Assigned task>
Below is a listing; retype exactly the lines between the one containing "Marri Laxman Reddy" and the one containing "Luego de llegar", inclusive, minus the pictures.

Source records>
※ ※ ※
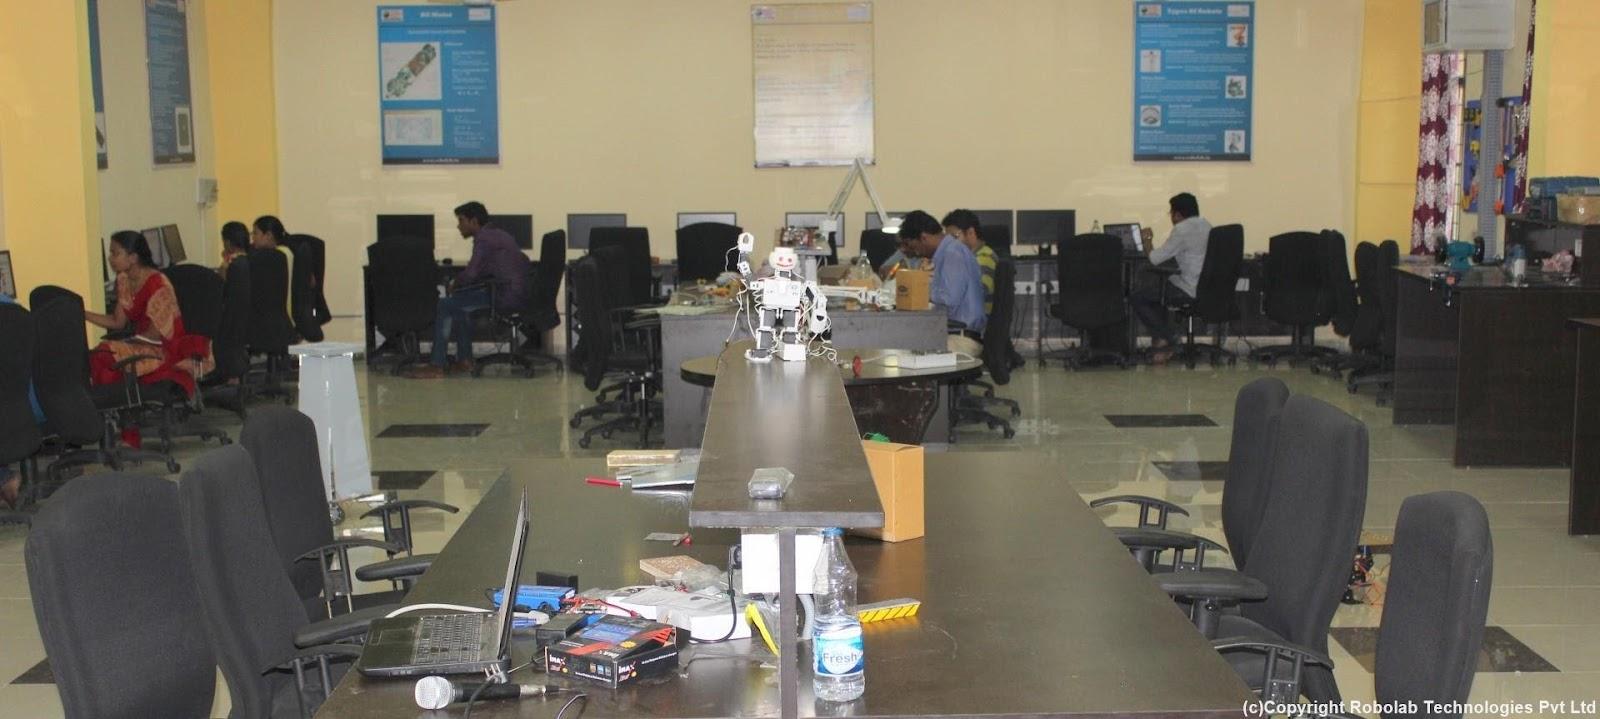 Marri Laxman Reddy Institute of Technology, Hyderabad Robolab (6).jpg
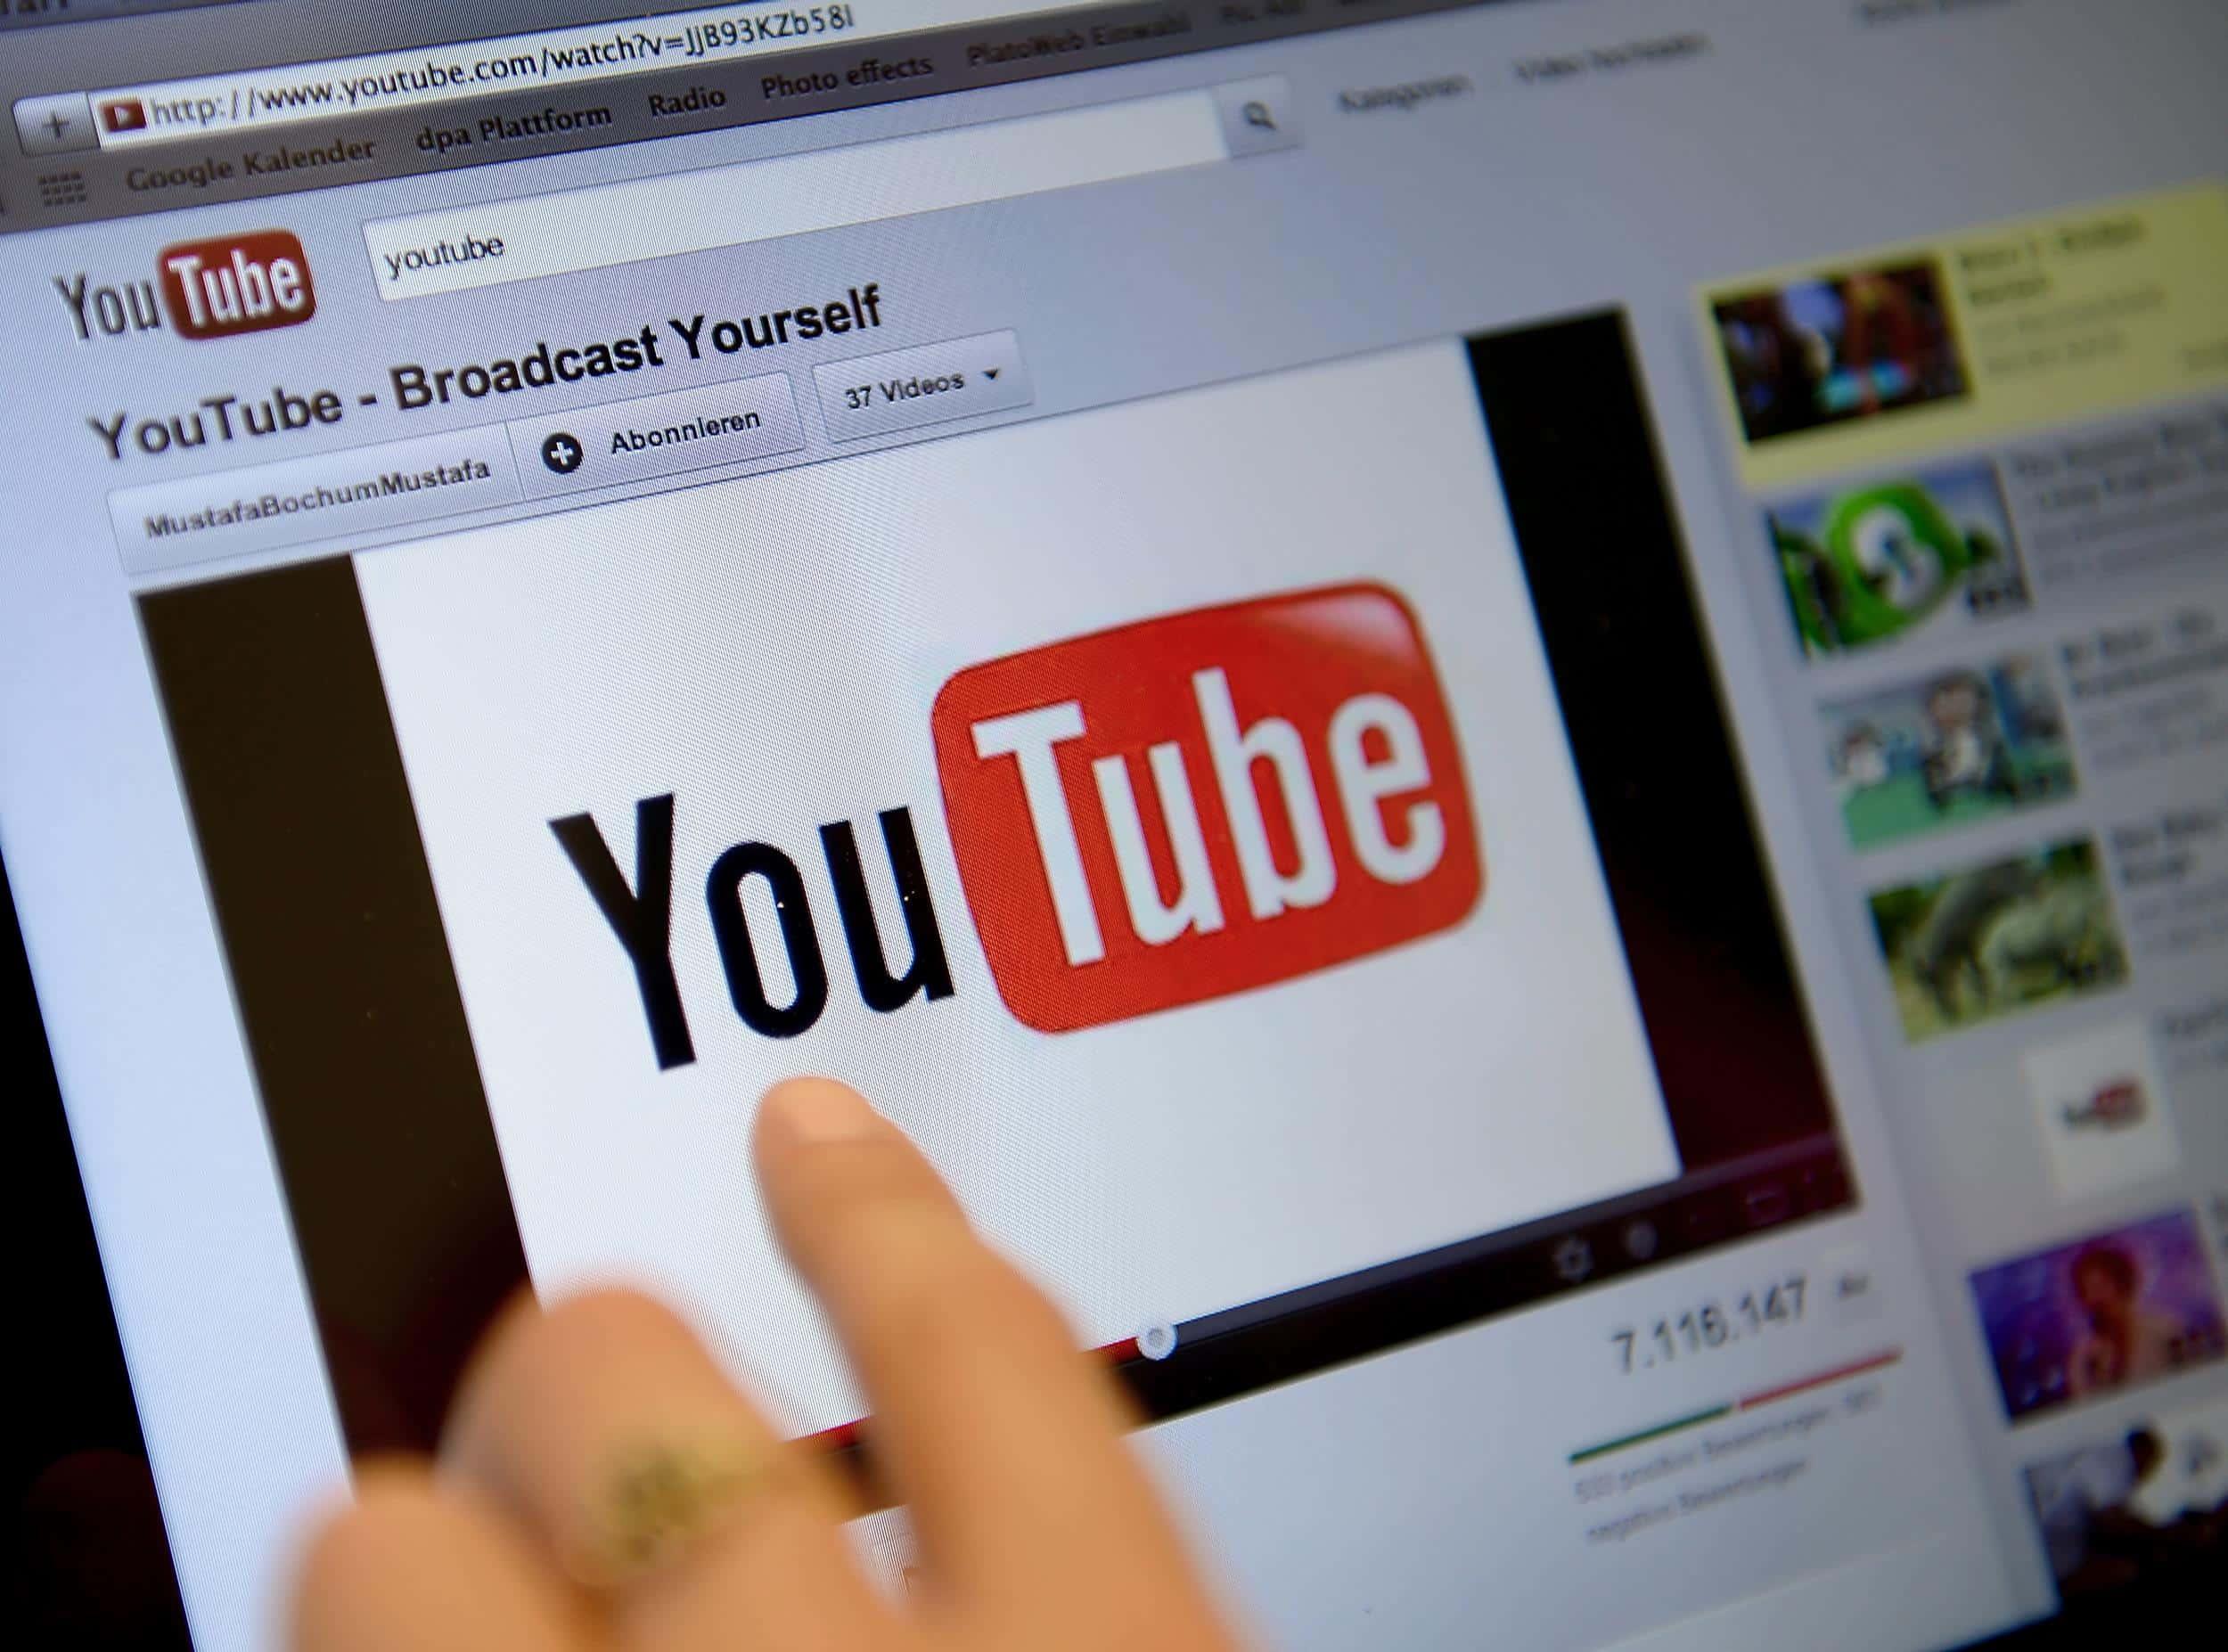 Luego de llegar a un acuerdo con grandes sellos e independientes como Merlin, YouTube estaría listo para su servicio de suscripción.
※ ※ ※
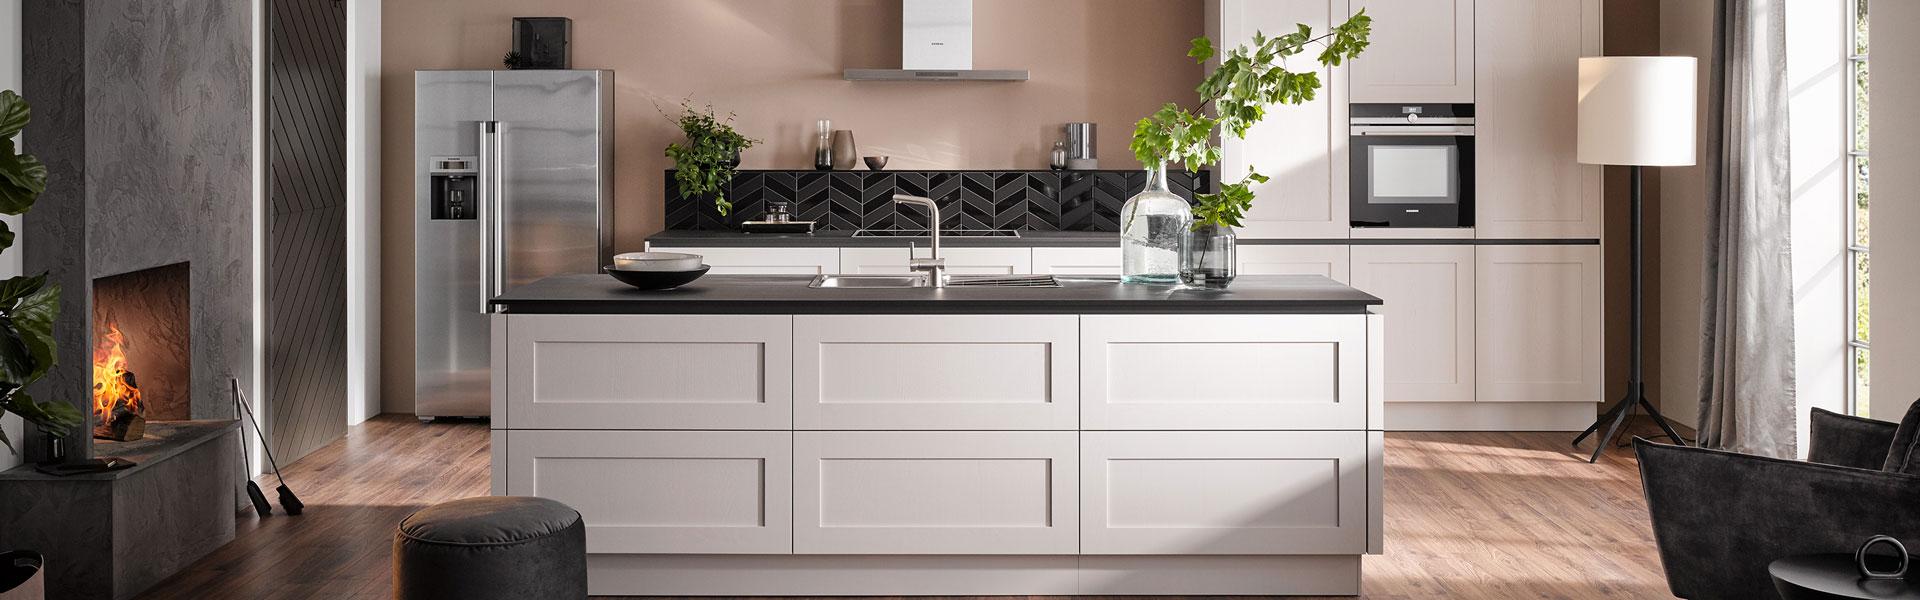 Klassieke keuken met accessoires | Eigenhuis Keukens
※ ※ ※
Exercise result>
 Marri Laxman Reddy Institute of Technology, Hyderabad Robolab (6).jpg
 Luego de llegar a un acuerdo con grandes sellos e independientes como Merlin, YouTube estaría listo para su servicio de suscripción.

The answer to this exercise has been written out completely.